At CERN (the European Laboratory for Particle Physics) near Geneva there was a recent attempt to incorporate software for automatic indexing [Meu99]. The approach used first had a learning phase in which a sample of documents was used to train the system, which worked by constructing a set of the longest noun-type phrases from the abstracts of the documents. The system worked automatically, and did not require experts to read the articles to be keyworded. Once the training period was over it was completely autonomous, that is, it was not intended to be merely a tool to aid indexers.
After some tests, this project was abandoned at the end of 2000, mainly because of the difficulty of integrating existing non-modular software into the database system of the CERN Library. Instead, a new project, whose purpose was to develop an indexing tool which would supply DESY keywords directly, was launched. This project is called HEPindexer.
The CERN Scientific Information Service harvests over a hundred documents each day from electronic sources all around the world.

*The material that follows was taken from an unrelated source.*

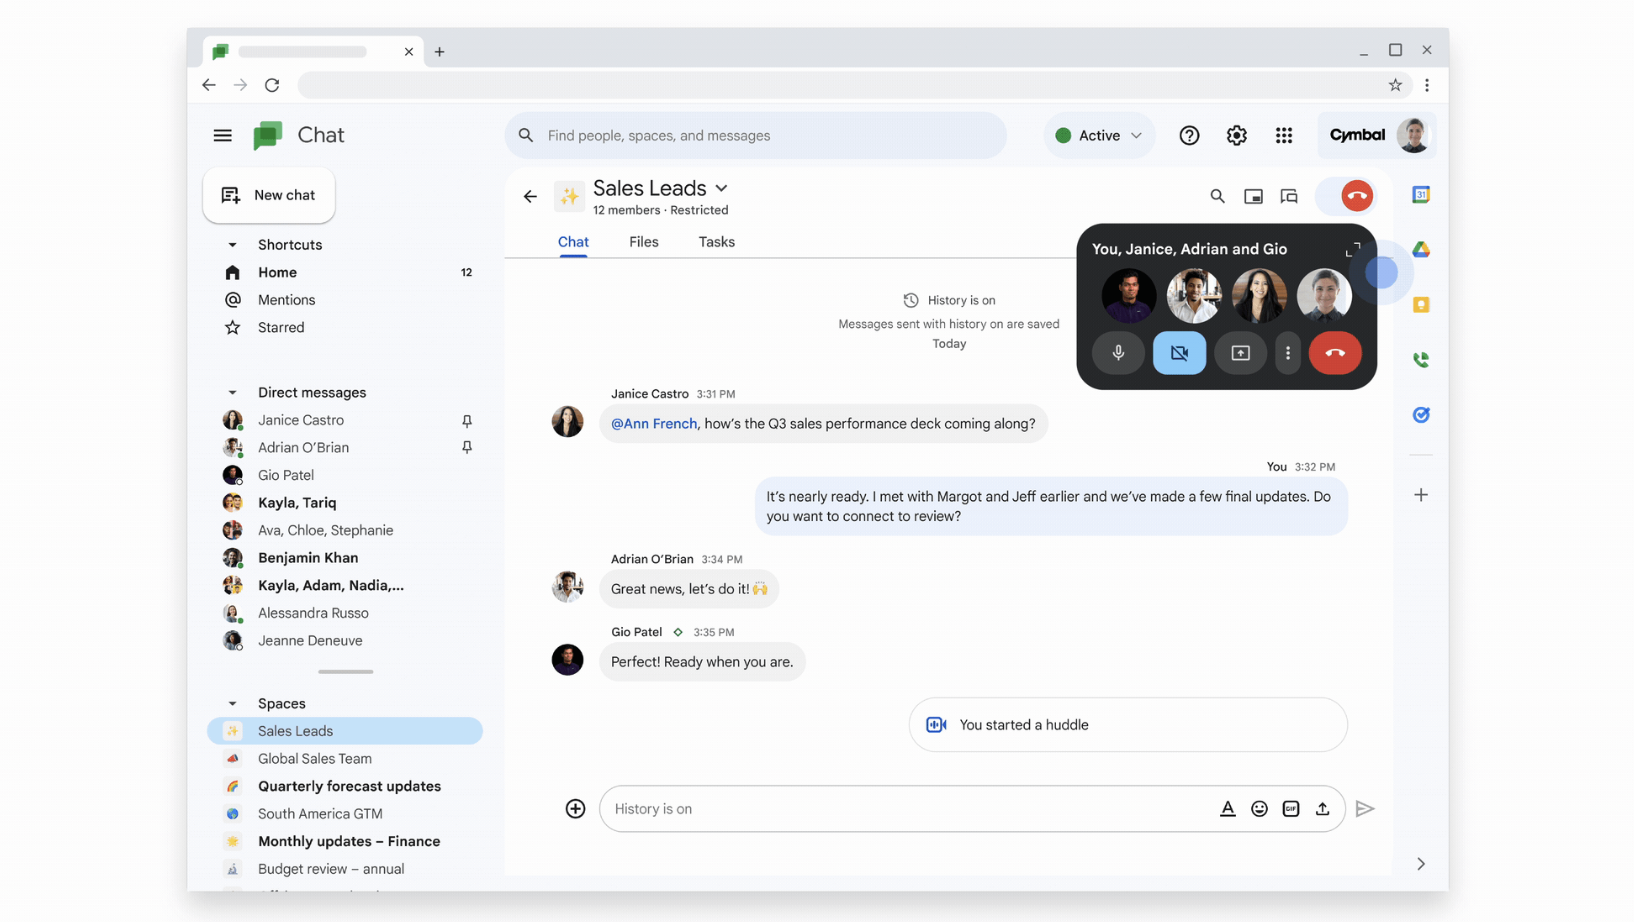 Google Workspace Users Can Request No-Cost Trial Of Duet AI

Owing to the growth in the amount of literature, a new approach to keywording has been developed. Accepting the fact that fully automatic indexers are still far from providing a complete solution, a computer-based help tool for indexing was developed as a first step towards easing the work of human indexers.
Thus HEPindexer proposes a preliminary solution which can open the way for further research into automatic indexing tools in the area of particle physics. So far a first step has been achieved, namely the generation of main DESY keywords. These keywords are generated following a statistical approach [vR75].

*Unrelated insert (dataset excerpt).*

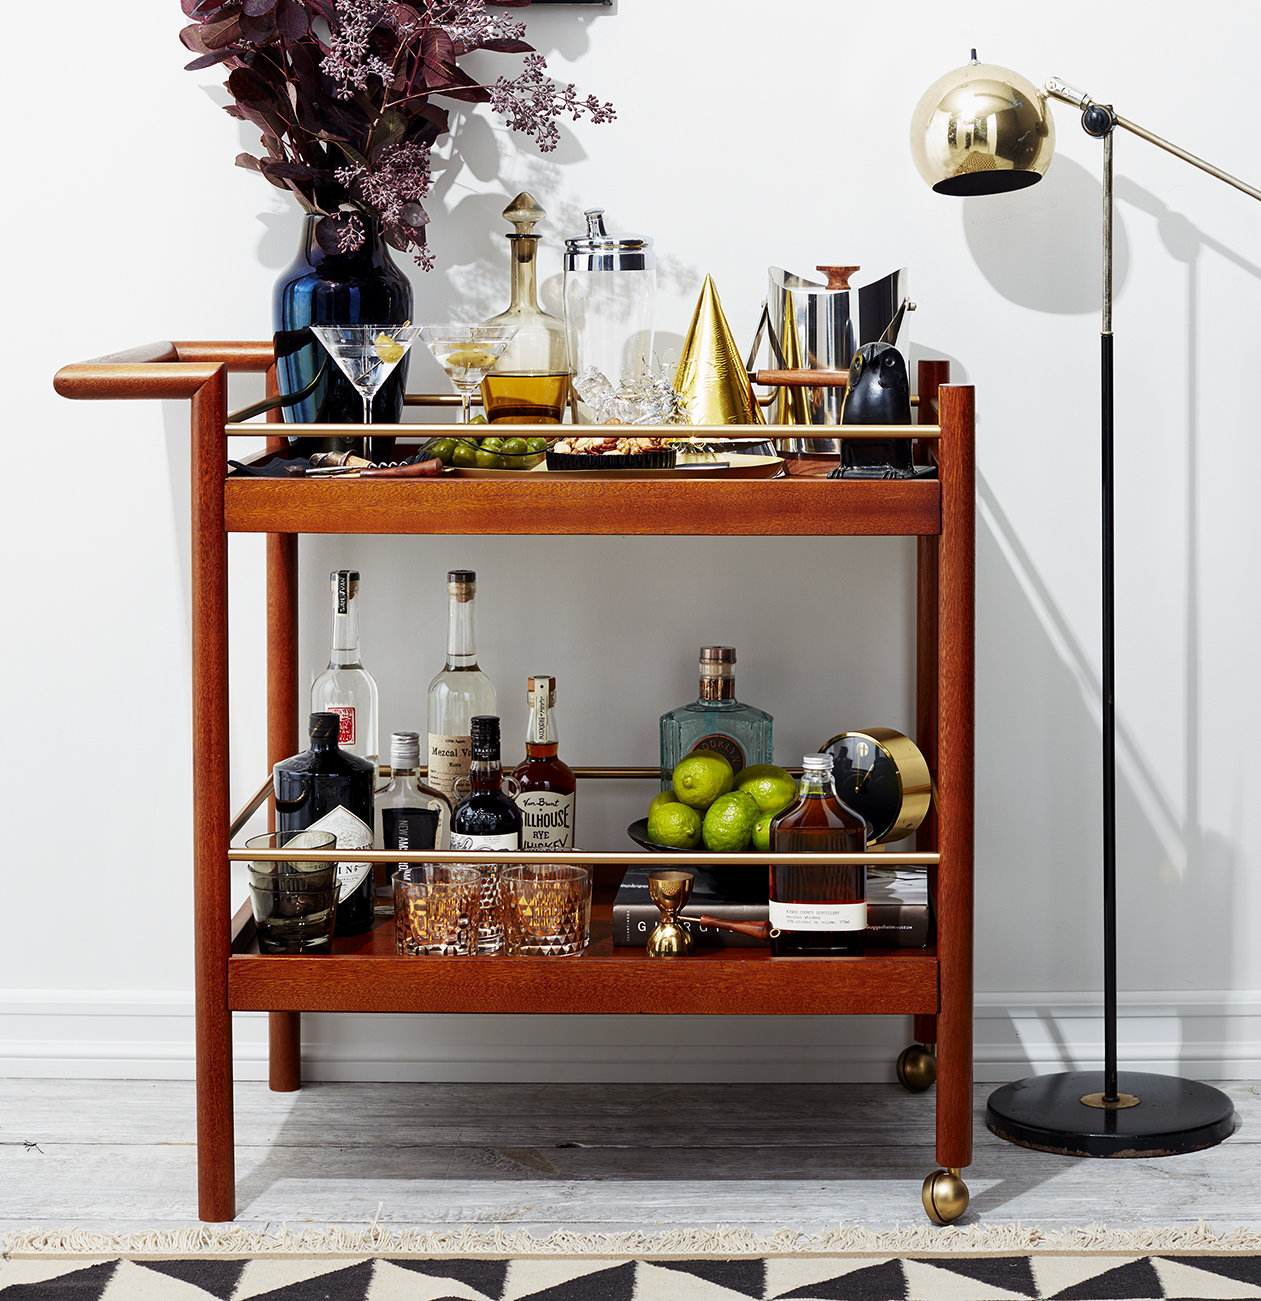 22 Quintessential Items Every Home Bar Should Have photo

The algorithm used needs a set of data which must be generated in a training process beforehand. HEPindexer was supplied with a training sample of about 2400 particle physics documents together with the DESY keywords that had already been assigned to these documents. It uses the fulltext of these documents. After training, a new document can be submitted to the system and receive as output the list of automatically proposed DESY keywords. A sample of 1200 additional documents was used to evaluate the results of the algorithm. The results were close to 60% in both precision and recall. This means that an average of about 60% of the keywords proposed by HEPindexer are also contained in the list proposed by DESY, and that about 60% of the keywords proposed by DESY are among those proposed by HEPindexer.
HEPindexer has now been integrated into the CERN Document Server (CDS)[DG96]. By retrieving any document in the database for which the fulltext is stored on the CDS, one can then run HEPindexer and obtain the list of proposed main DESY keywords. To do this, choose "Fulltext" and then click on the text "10 main keywords". By clicking on "Corresponding record at SLAC" one can directly see the keywords which were actually supplied by DESY and make a comparison. If the link to the SLAC record is not present, one can instead go to the SLAC database and retrieve the same record. Note that for recent records the DESY keywords may not yet be available.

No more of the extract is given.